Doris Sexton
Dora Ethel Sexton, from Toowoomba in south-east Queensland, was born on 7 November 1885. She trained as a nurse and was working at Toowoomba General Hospital when World War I began.
Sexton tried to enlist in the Australian Army Nursing Service but was rejected. She remained in Australia until March 1915 when she went to Alexandria in Egypt.
Sometime in 1915, Sexton joined the Queen Alexandra's Imperial Military Nursing Service Reserve (QAIMNSR). She nursed at the 15th General Hospital in Alexandria and on hospital ships sailing to and from Gallipoli. Sexton was working off-shore during the Suvla Bay landings of August 1915 in the Gallipoli Campaign.
After voyages carrying patients to Malta and England, Sexton's service next took her to Salonika.
In 1918, Sexton spoke to an Australian journalist, describing the town of Salonika and its hinterland:
The hills compensate for much, and during the summer I was stationed at the tent hospitals, about six miles out of town, just under … a lovely old mountain. One will not readily forget the sunsets, the glorious colouring over miles and miles of graduating hills, running away to the sea, gleaming here and there on clustering white tent hospitals grouped in the valleys.
In this picturesque place, Sexton witnessed the results of brutal warfare.
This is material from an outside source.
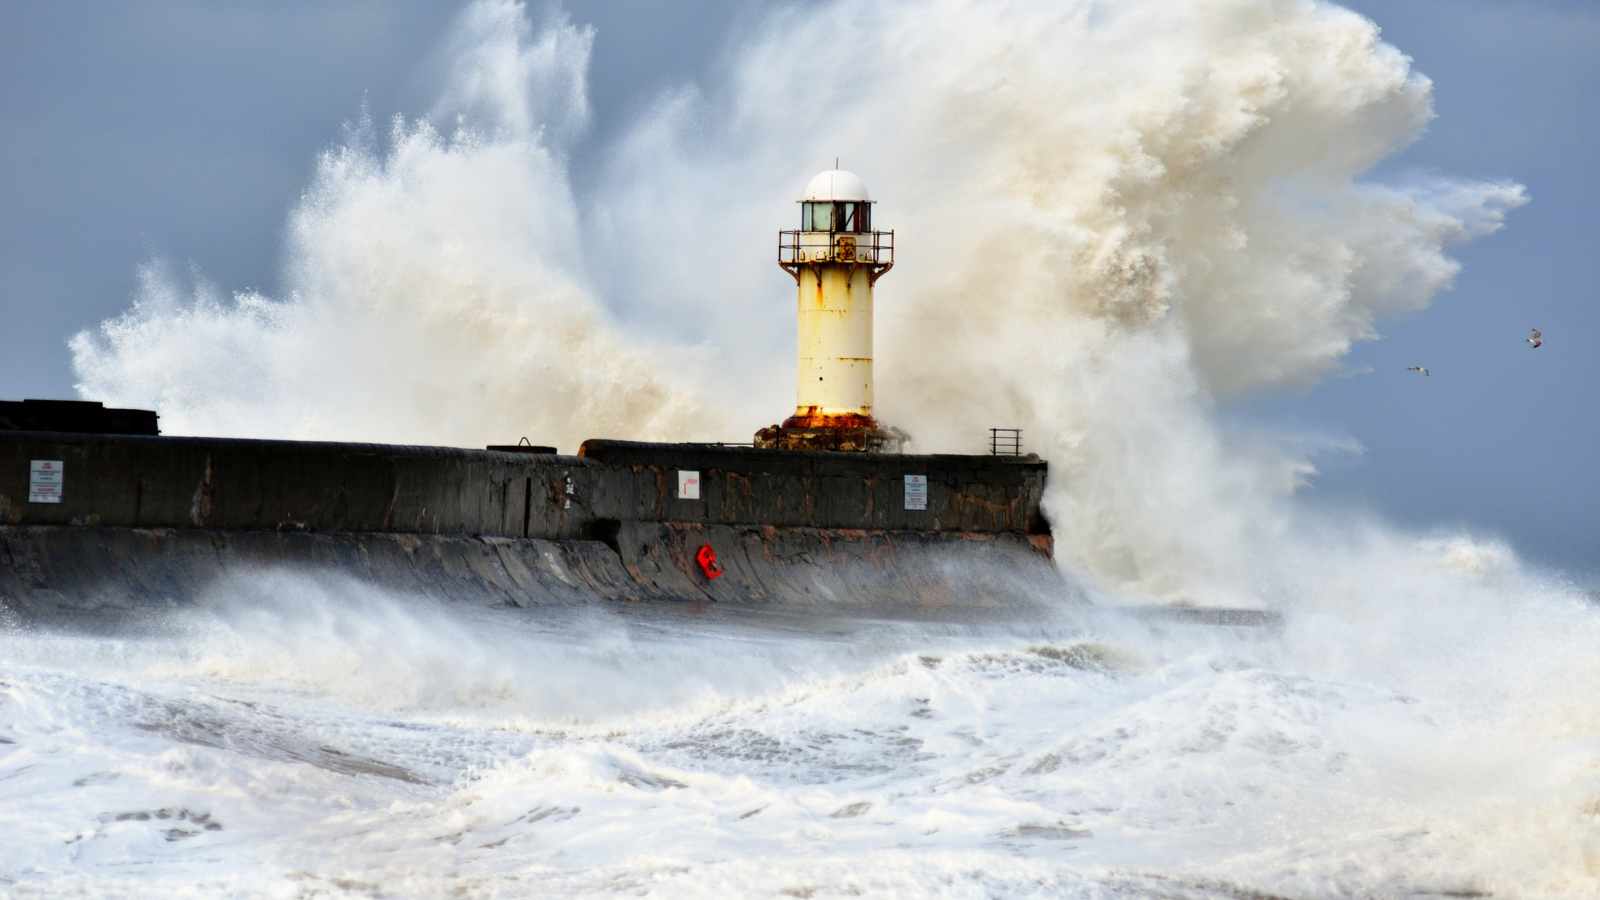 Crazy Storm And Old Lighthouse wallpaper 1600x900

Sexton nursed in the 41st Serbian Hospital and saw Salonika burn during the fire of 1917, remembering:
There is very little of the city left, and it burnt for weeks. We would go out on the hills in the evenings and watch it.
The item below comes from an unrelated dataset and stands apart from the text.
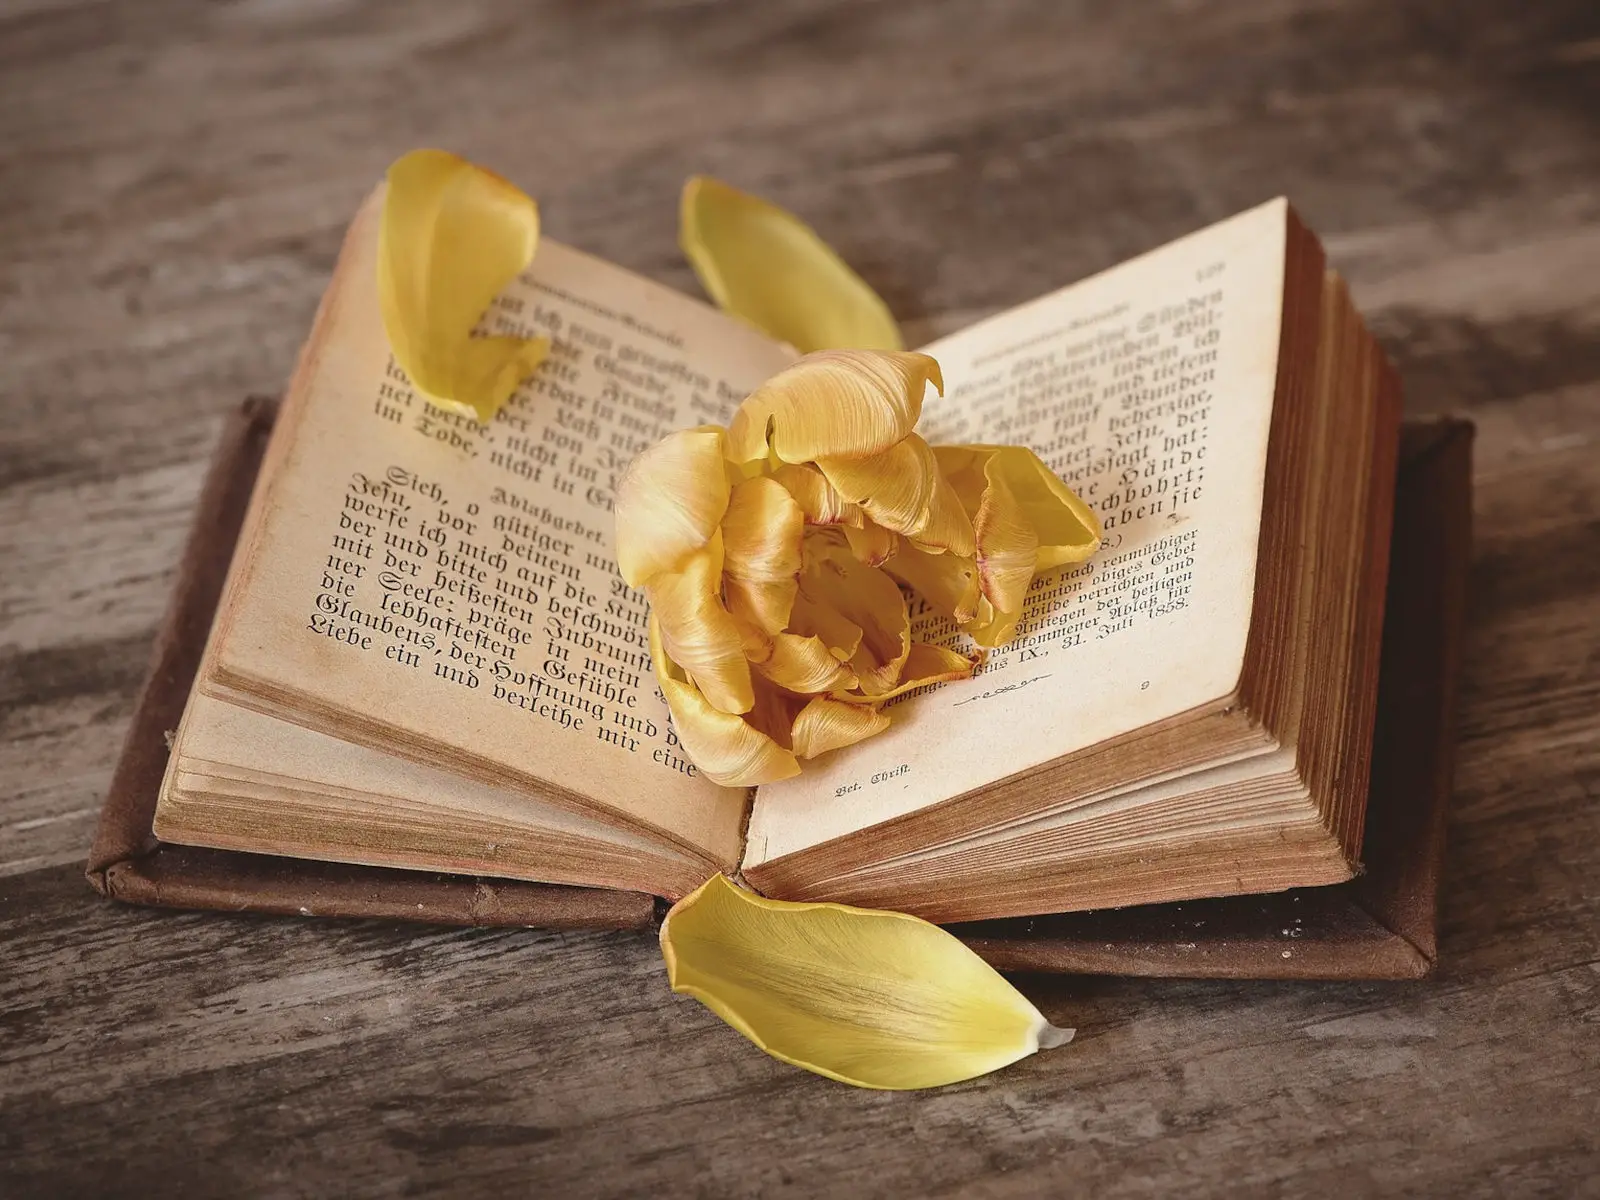 old book with flower petals in it

Later reflecting on working in military hospitals on the Salonika front, Sexton said:
Three years … among our sick and wounded – years filled with hardship and strain, cheerfully borne by thousands of British women wherever the flag of the Red Cross waves – filled too with interesting and pleasant memories.
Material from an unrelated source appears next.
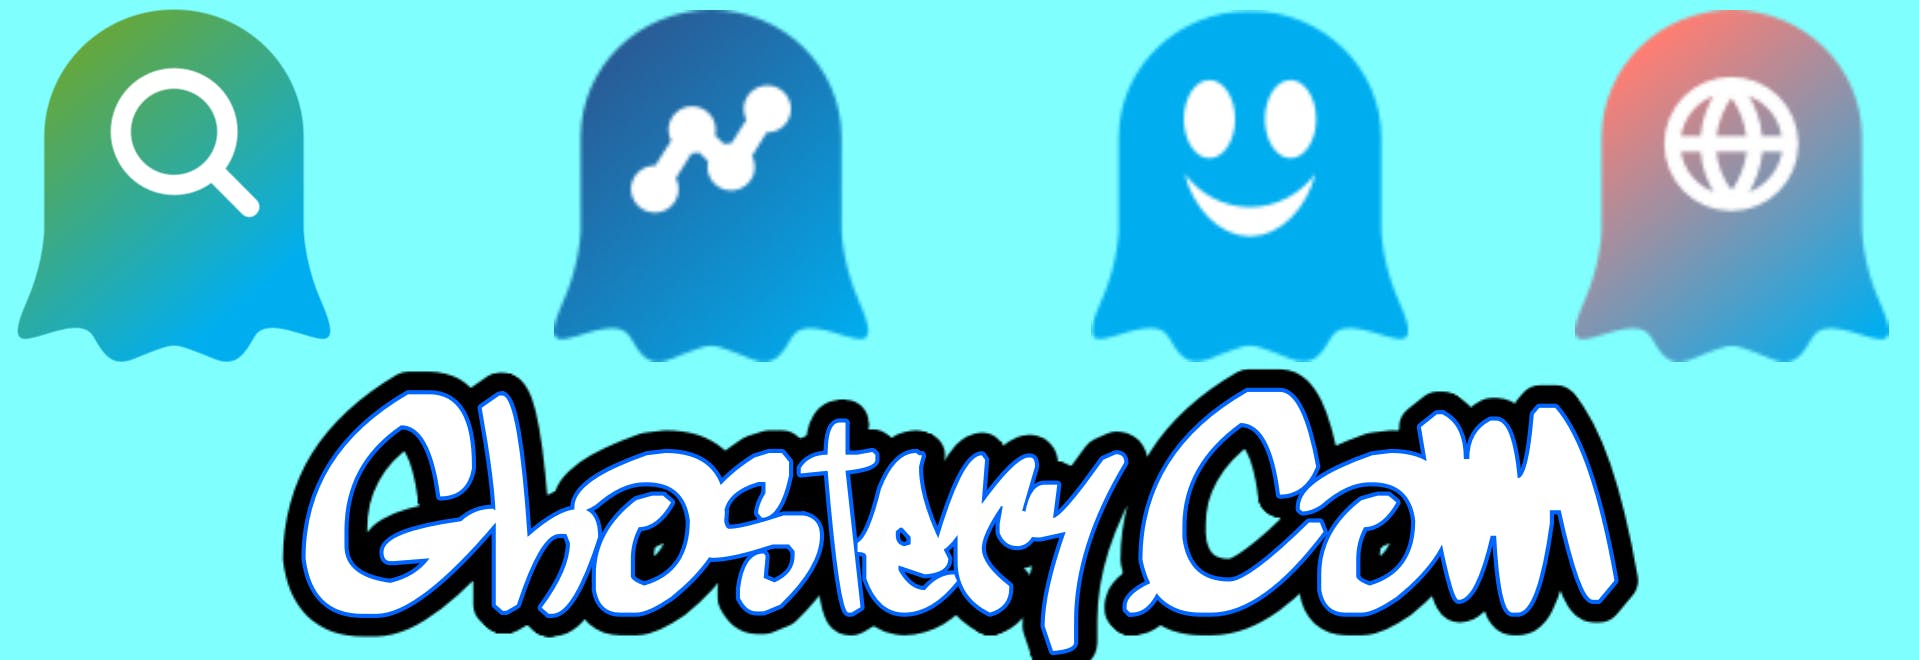 New Look | Same Ghostery Protection & More!

Sexton was also full of praise for the aides who worked alongside medical personnel:
I had the same girls with me on Malta who went to Salonika with me and I cannot speak too highly of them. Imagine a sister with four or five tents under her control, the staff sister with about 200 men to look after. Why, the one … aide can do a hundred and one things, and help in a thousand ways. I loved my girls and I can't understand how anyone can under-rate their services.
Unfortunately, source material is scarce on Sexton's post-war life, about which little appears to be known. Electoral rolls showed she was working as a trained nurse in towns throughout Victoria, including Beaufort, Edenhope, Lorne and Shepparton, and then moved to Melbourne.
Dora Sexton died in Macleod, Victoria, in 1970, aged 84. She was buried at Box Hill Cemetery.